Stop drinking alcohol! I have discovered a way round this. Since the MRSA threat arrived all the hospitals have hand barrier creams which are basically - you've guessed it - alcohol. Just rub a bottle steadily into your hands and an hour later you're not capable of driving. Also you are not tempted to smoke as it's banned in the hospital. Evryone wins. Somebody who wouldn't normally get a visit gets a bit of company. The alcohol dulls their effect on you. It's a cheap night out and yet you still come out staggering like Charles Kennedy - whoever he is. It's a whole new concept -social visiting

calumannabel from The hand cream machine ward 4 lewis hospital


Good luck chaps. I'm going to another high place today - to stop my chimney smoking..

Annie B from Lone Sheiling


Dear Calum, Sorry you were sounding stressed about the medical effects of the fank. Chrissie Mary would welcome visitors. Can't remember whether she's in the Erisort, Clisham or Seaforth Ward, but you stop for a swift scrub at each while you have a nosey.

Annie B from Lone Sheiling


Look at Sunny's nicely formatted links (on the right). Ten out of ten go to the top of the class!
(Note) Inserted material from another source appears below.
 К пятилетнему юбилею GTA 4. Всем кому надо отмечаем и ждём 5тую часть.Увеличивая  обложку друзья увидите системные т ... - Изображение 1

Now what about the rest of the rabble?

Mike from Glasgow


Hurray for Sunny!! Top of the class sounds like a High Echelon.

Annie B from Lone Sheiling


Interesting idea Calimannabel, can calories get through the skin or is it just pure, fat free alcahol? You see the giving up the drink thing is to kick start the mamoth weight loss... I'm so hungry..

Sunny from Arran


Oh Mike you creeping get! Did you not read that we men are spineless, feckless etceteras! My resolution this year is simply to have no resolutions. If it ain't broke don't fix it! Oh lord who am I kidding................
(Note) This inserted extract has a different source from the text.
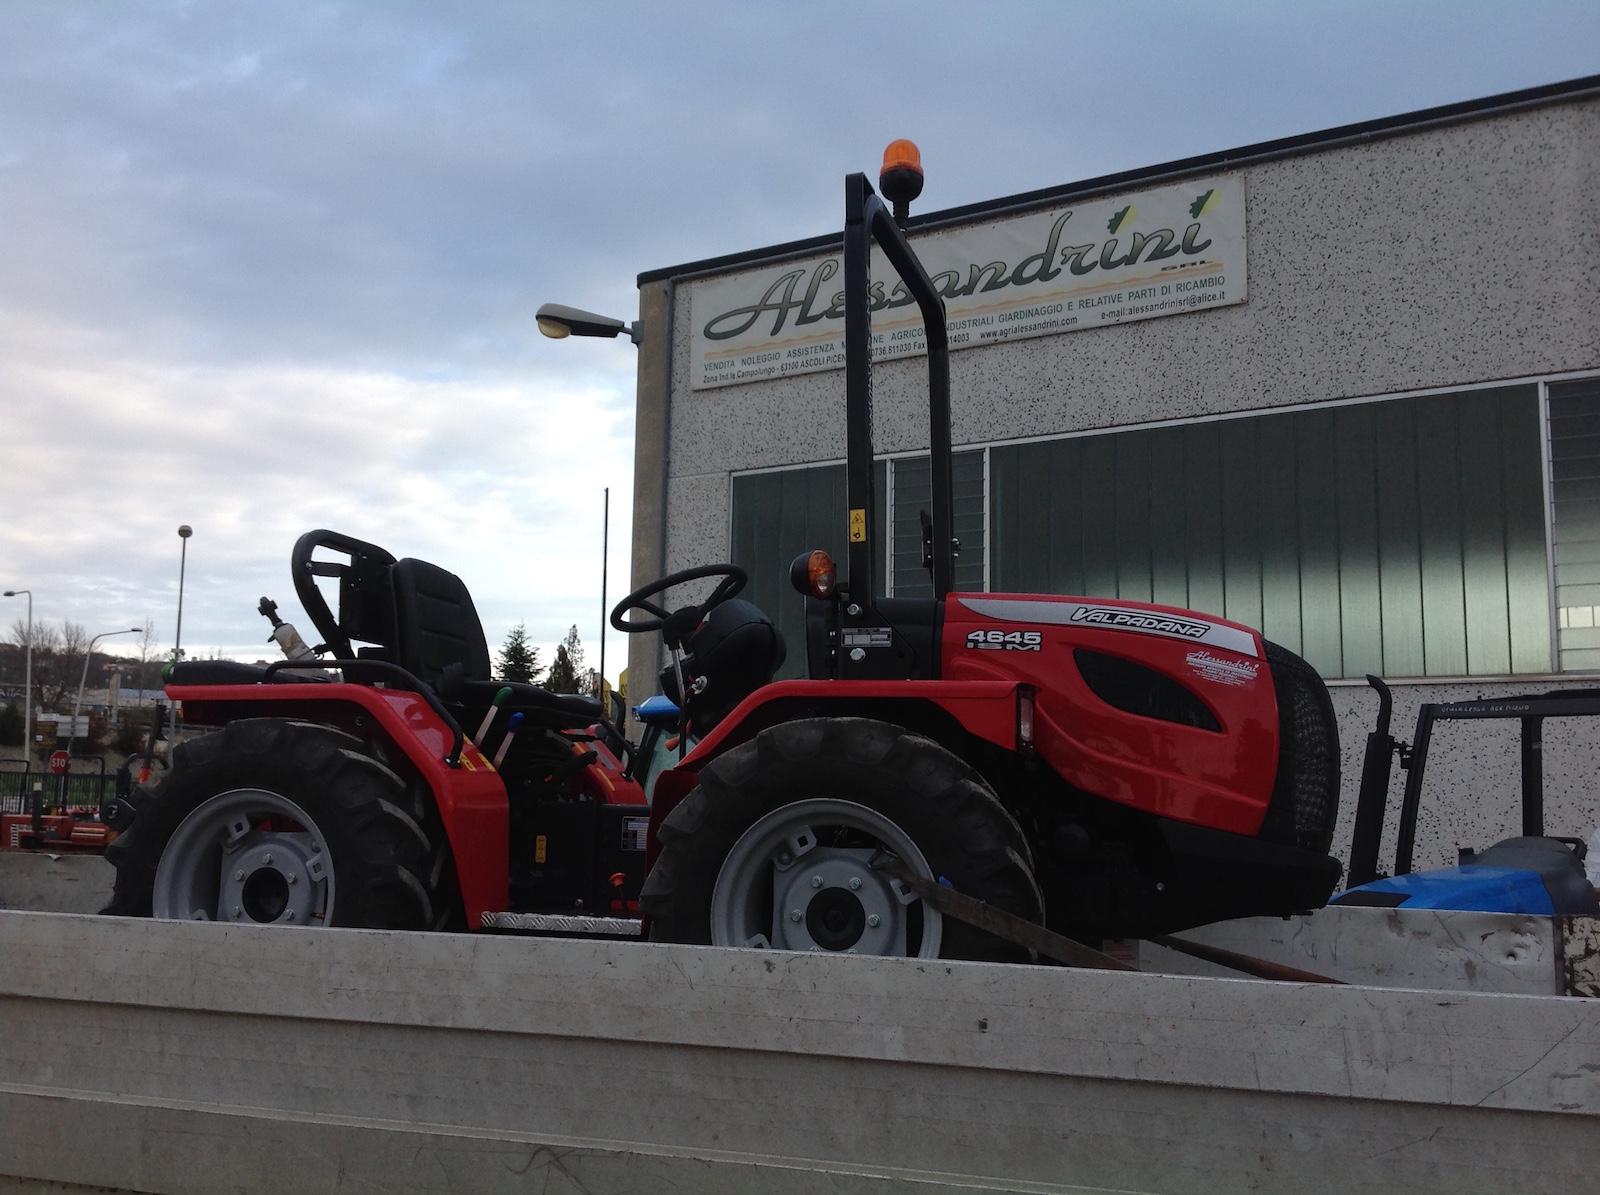 Consegna trattore valpadana modello 4646 ismanche per i for Ricambi valpadana

Scottish Soldier from Mull


I have a suggestion which might help with nos. 5, 6 and 9 and will probably render everything else except perhaps no.10 irrelevant. It's simple, easy and most importantly free ( to start with anyway), unless you're really desperate - let's not go there. So here it is - get pregnant! Obviously you'll need to find a suitable man at the Dating Extravaganza first, but that should still give you time to fulfill your resolutions within the year. I can vouch for it as an excellent way to refrain from smoking, drinking and all forms of socialising. Hope this helps!

BoB from Lewis


Thanks Mike XXX (Did you fix them for me?). Scottish Soldier, I did NOT say ALL men are feckless, spineless etc. I was clearly refering to the ones that I have dated. I have, in the past, tarred all the men on Arran with this brush (I have NOT dated all the men on Arran) but really I'm only referring to the south end invertebrate who dumped by text a couple of weeks before Christmas, probably to save buying a pressie. BoB don't you think that's just a wee bit of an extreme solution? My Dad would kill me!

Sunny from Arran


I dont make new year resolutions anymore, I only break them heheh good luck with yours though.